Demo/Hands-on: Using multiple nodes¶

Q&A¶

In the PyTorch exercise, how to enable compiling pytorch during the runtime ? - Does it require MiOpen lib ?
- Can you clarify what you mean (or hope to achieve) with compiling Pytorch?
- If you mean just-in-time compile there might happen at different levels. MIOpen uses that (and should be available for you when you install ROCm), but you can also see that through the Triton module and others.
- I think it should work out-of-the-box usually? It doesn't work for you?

Can you provide some information on how to call the wrapper script for the LLM example ?

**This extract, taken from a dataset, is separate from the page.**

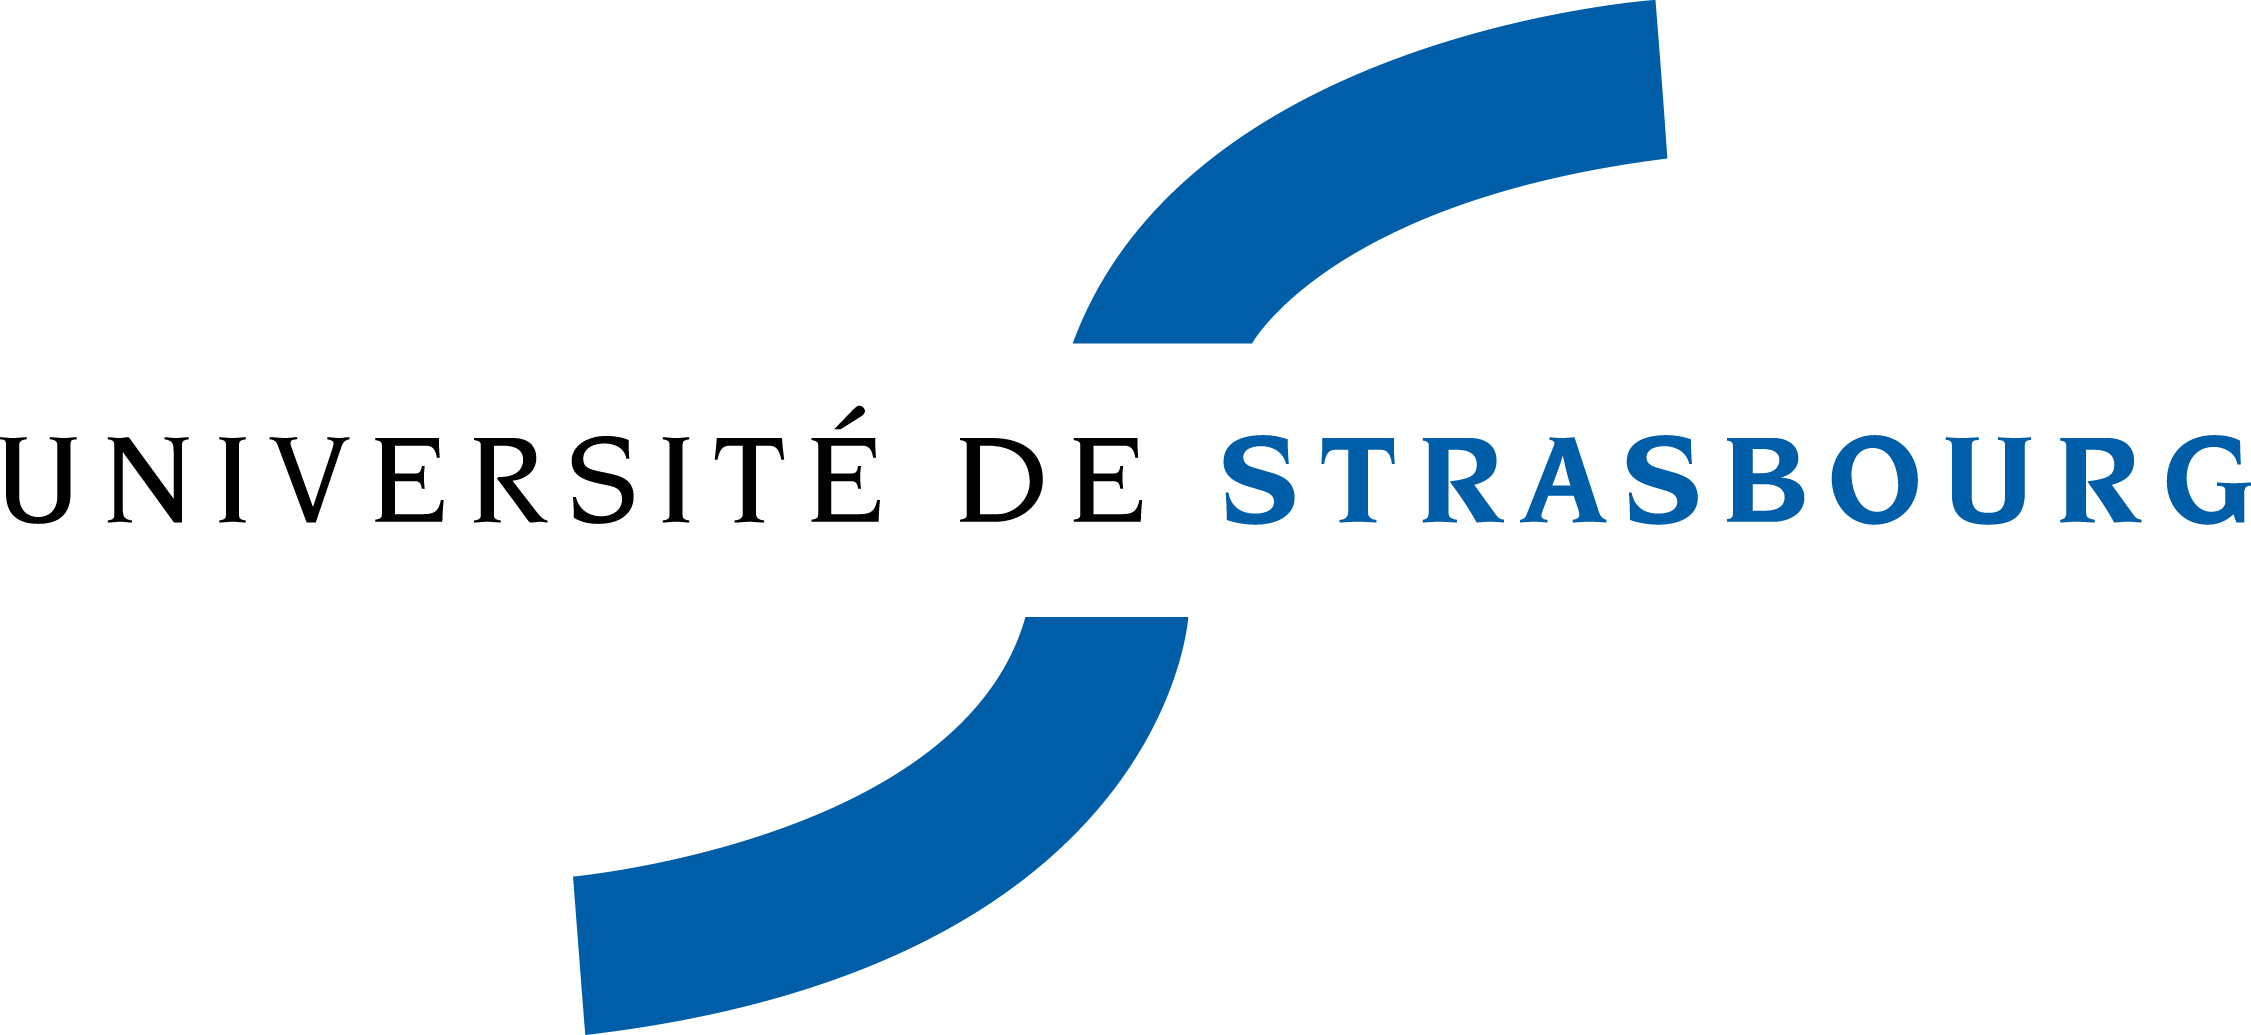 Unistra-logo.png

That is exactly what is here:

Yes, you simply put the script before the actual command you want to execute

MASTER_ADDR=$(scontrol show hostname "$SLURM_NODELIST" | head -n1) \
srun -N1 -n8 --gpus 8 \
    --cpu-bind=mask_cpu=0x00fe000000000000,0xfe00000000000000,0x0000000000fe0000,0x00000000fe000000,0x00000000000000fe,0x000000000000fe00,0x000000fe00000000,0x0000fe0000000000\
    singularity exec \
    -B .:/workdir \
    /appl/local/containers/sif-images/lumi-pytorch-rocm-6.1.3-python-3.12-pytorch-v2.4.1.sif  \
    /workdir/run.sh \
        python -u /workdir/GPT-neo-IMDB-finetuning-mp.py \
            --model-name gpt-imdb-model \
            --output-path /workdir/train-output \
            --logging-path /workdir/train-logging \
            --num-workers 7

About the hands-on exercise for 09 Extreme scale AI work, after running the code on 2 nodes, how can monitor the GPU utilization?
- You can add -w <target_node> to the srun call that runs rocm-smi to get the GPU utilization for the individual nodes.
About the hands-on exercise for 09 Extreme scale AI work, after running the code on 2 nodes, how can monitor the GPU utilization?
- You can add -w to the srun call that runs rocm-smi to get the GPU utilization for the individual nodes.